In the pursuit of innovation, present-day banking institutions are committed to enhancing their technological capabilities while concurrently safeguarding the value of their technology platforms. This value is intricately gauged across three dimensions: quality, cost and speed. Recognising that software defects decrease software quality and subsequently diminish the value of software systems, the need for a robust software testing approach seems to be straightforward. The purpose of a sound quality assessment strategy, however, transcends mere defect elimination, aiming for improvements across the entire quality, cost and speed triad: efficient defect detection through augmented coverage, cost reduction via end-to-end automation and accelerated time-to-market facilitated by expedited test execution, results interpretation and reporting. To increase the value of a technology platform, one should, thus, aim for software quality assessment techniques that enable faster, cost-effective and more efficient testing processes.

Software testing is a process of empirical technical exploration of the system under test (SUT) with the intent of finding and describing defects. The task of software testing consists of several steps: selecting a subset of possible actions to interact with a system, executing them and observing and interpreting the outcome.

With modern CI/CD (continuous integration and continuous delivery) pipelines, it is easy to minimise human involvement in the execution part. Automating higher-level cognitive functions, such as test idea generation or results evaluation is, of course, a less straightforward task. Figure 1 illustrates the software testing cycle from the perspective of the constituent tasks and associated cognitive effort.
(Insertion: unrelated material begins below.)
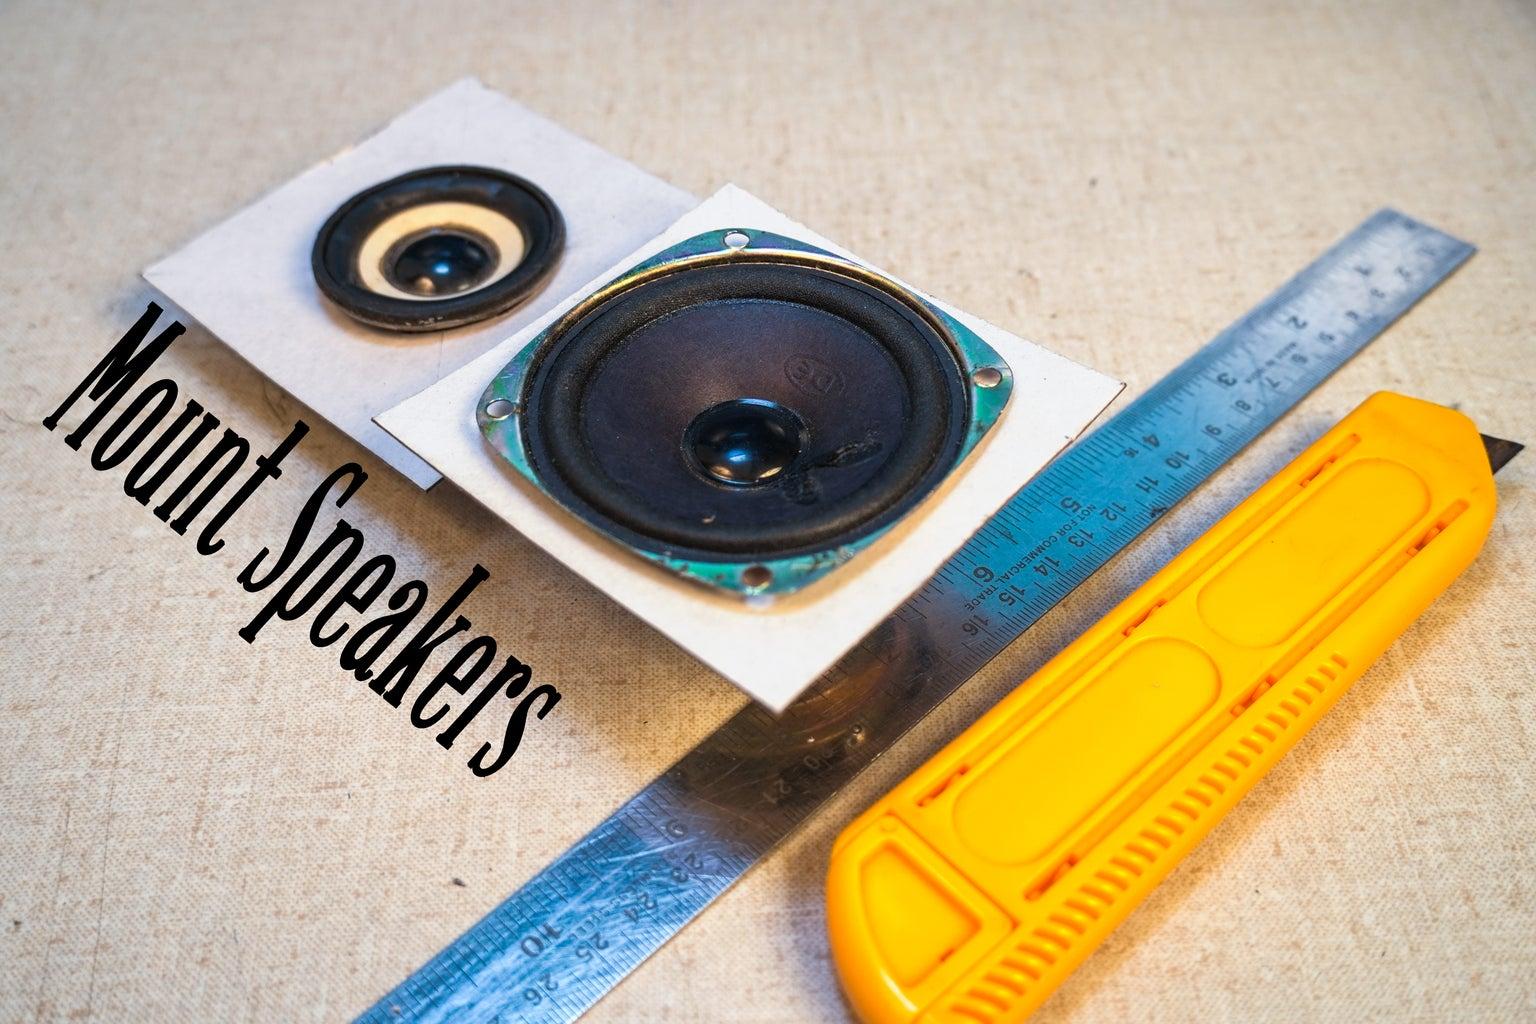 Cut Out Cardboard for Speaker Mount

With new technologies on the rise, the tasks involved in the testing pipeline can be automated (fully or partially, at least on the recommendations level) through the adoption of various AI techniques at different stages of the software testing cycle. To do that, one should tread carefully and differentiate between the techniques to be used at different stages. For example, one may use supervised learning for failure categorisation, reinforcement learning for root cause prediction or unsupervised learning for feature extraction (for more examples, see Sogeti’s State of AI Applied to Quality Engineering 2021–22 Report¹⁹). As for most recent approaches such as GenAI, it is important to understand their benefits and limitations in relation to a particular task. While it is hardly useful at the test execution phase, which is relatively easy to automate, the GenAI-assisted approach proves beneficial for the task of generating thousands of test scenarios and their data point permutations; conversely, for the task of test library optimisation, one might prefer symbolic AI techniques to use as rule-based discriminative mechanisms for selecting the most performing test scripts out of an extensive annotated test library.
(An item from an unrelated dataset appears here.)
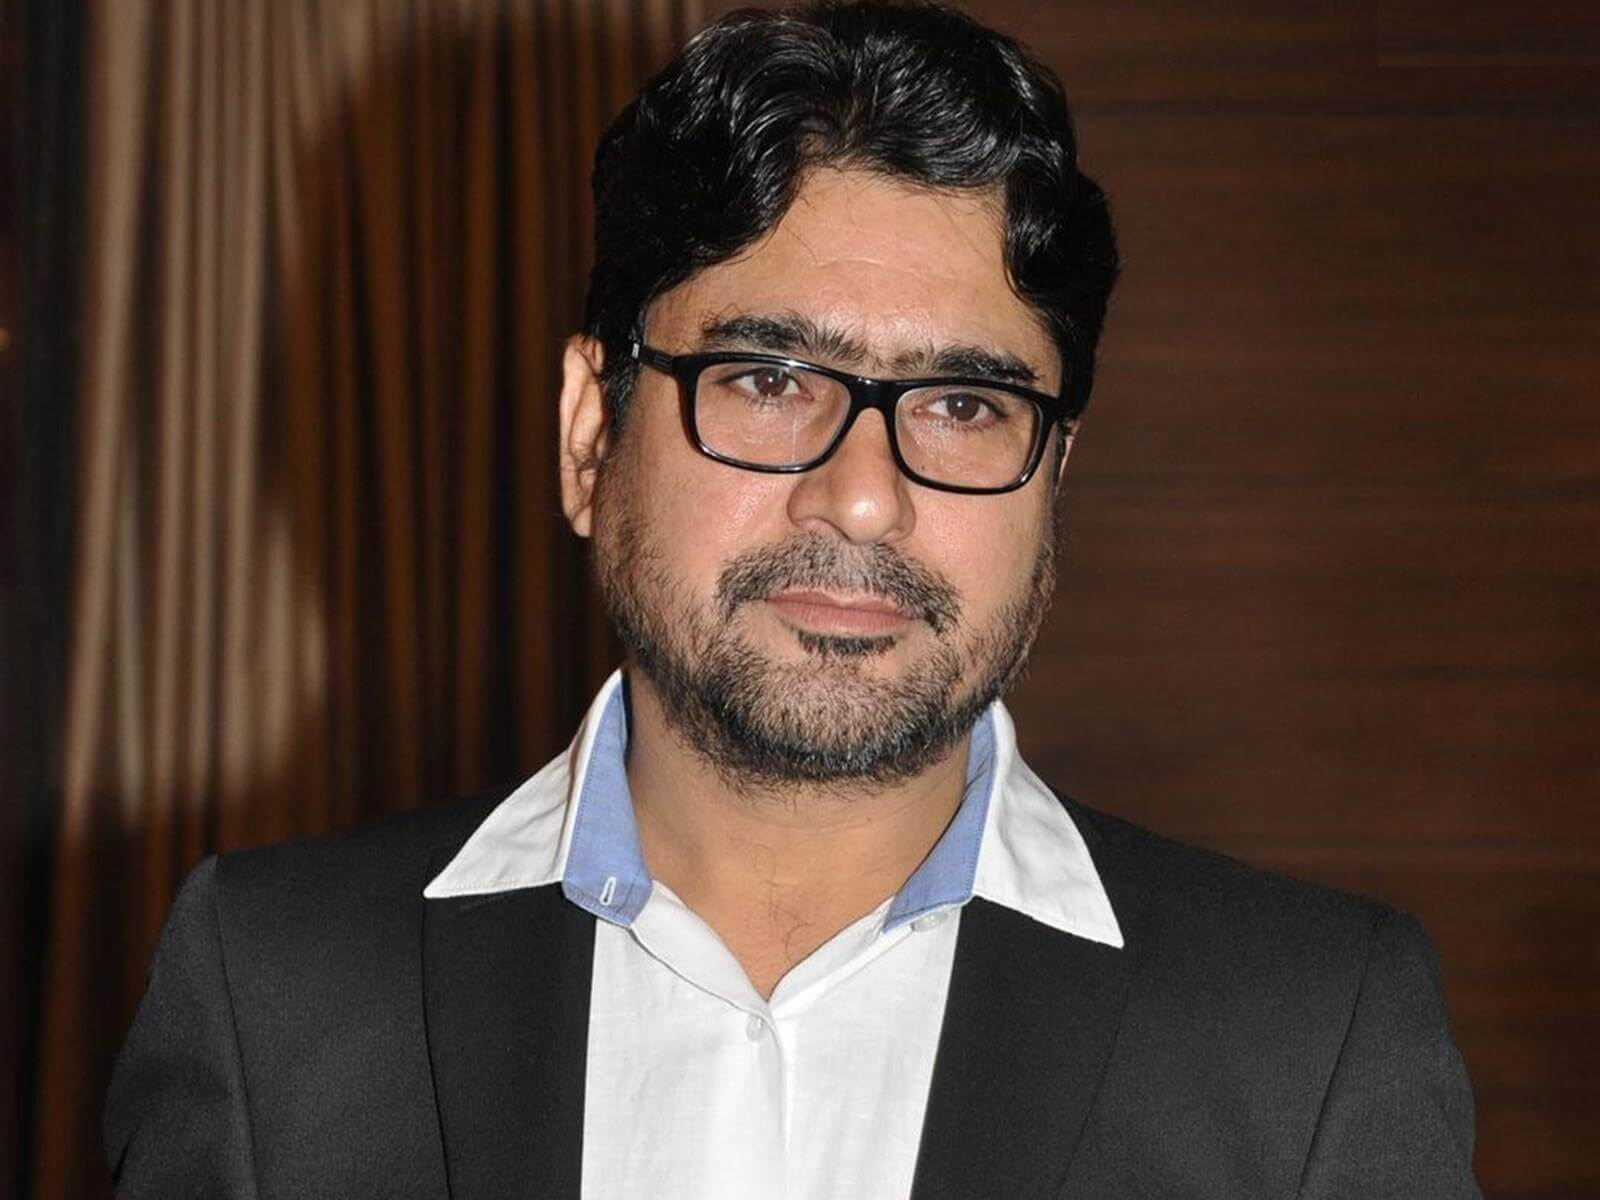 Yashpal Sharma (Actor) Wiki, Biography, Age, Movies, Images - News Bugz

High-level architecture of an AI-based test automation framework for an investment banking technology platform

Fig.1 – High-level architecture of an AI-based test automation framework
for an investment banking technology platform

Test automation framework for AI-driven test optimization

Different cognitive levels of tasks within the software testing life cycle dictate to separate the corresponding modules of the test automation framework. In this paper, we propose a framework that illustrates this principle by distributing the task between several components: a model, an injector tool and a test library.

A model is a digital twin of an SUT. It captures the logic of system process flows, equivalence classes of data, protocol rules and message structures. Its main purpose in the proposed test approach is twofold:

Input generation: Based on simple template test scenarios, the model is used to generate full-fledged test scenarios that contain not only test actions and the sequence of steps but also the data values that will be part of the transactional messages formed at later stages.
Expected output prediction: Based on the logic inside it, the model takes the input data and calculates the expected output, to be later compared with the actual output from the SUT.

An injector tool is a test harness that sends protocol-formatted transactional data into the SUT. The main purpose of the tool is to mimic life-cycle actions that are typical for:

internal processes within a bigger banking technology infrastructure (those involving data flows from/to upstream and downstream systems), or
external processes triggered by external entities and data feeds.

In addition to these, the requirements to the tool might include support for various protocols and APIs to establish connectivity to multiple gateways of the SUT, a possibility to configure the rate of message injection (controlling transactional load) and a capability of capturing system traffic and storing it in a unified format suitable for smart analytics.

A test library is a collection of automated test scripts used at different stages of the software testing life cycle. It is not a static construct, however, but rather a constantly evolving dataset containing data representations capturing test scenarios.

The main logic behind test scenarios reflects the functionality of the banking subsystem being tested. For example, if we evaluate the quality of a payment system, test scenarios should cover various parameters of a payment instruction, specific equivalence classes of the values within a Swift ISO 20022 message and the sequence of system actions around particular messages, checking not only message formation correctness but also ensuring that system actions in the messages sent to the SUT result in correct system state transitions.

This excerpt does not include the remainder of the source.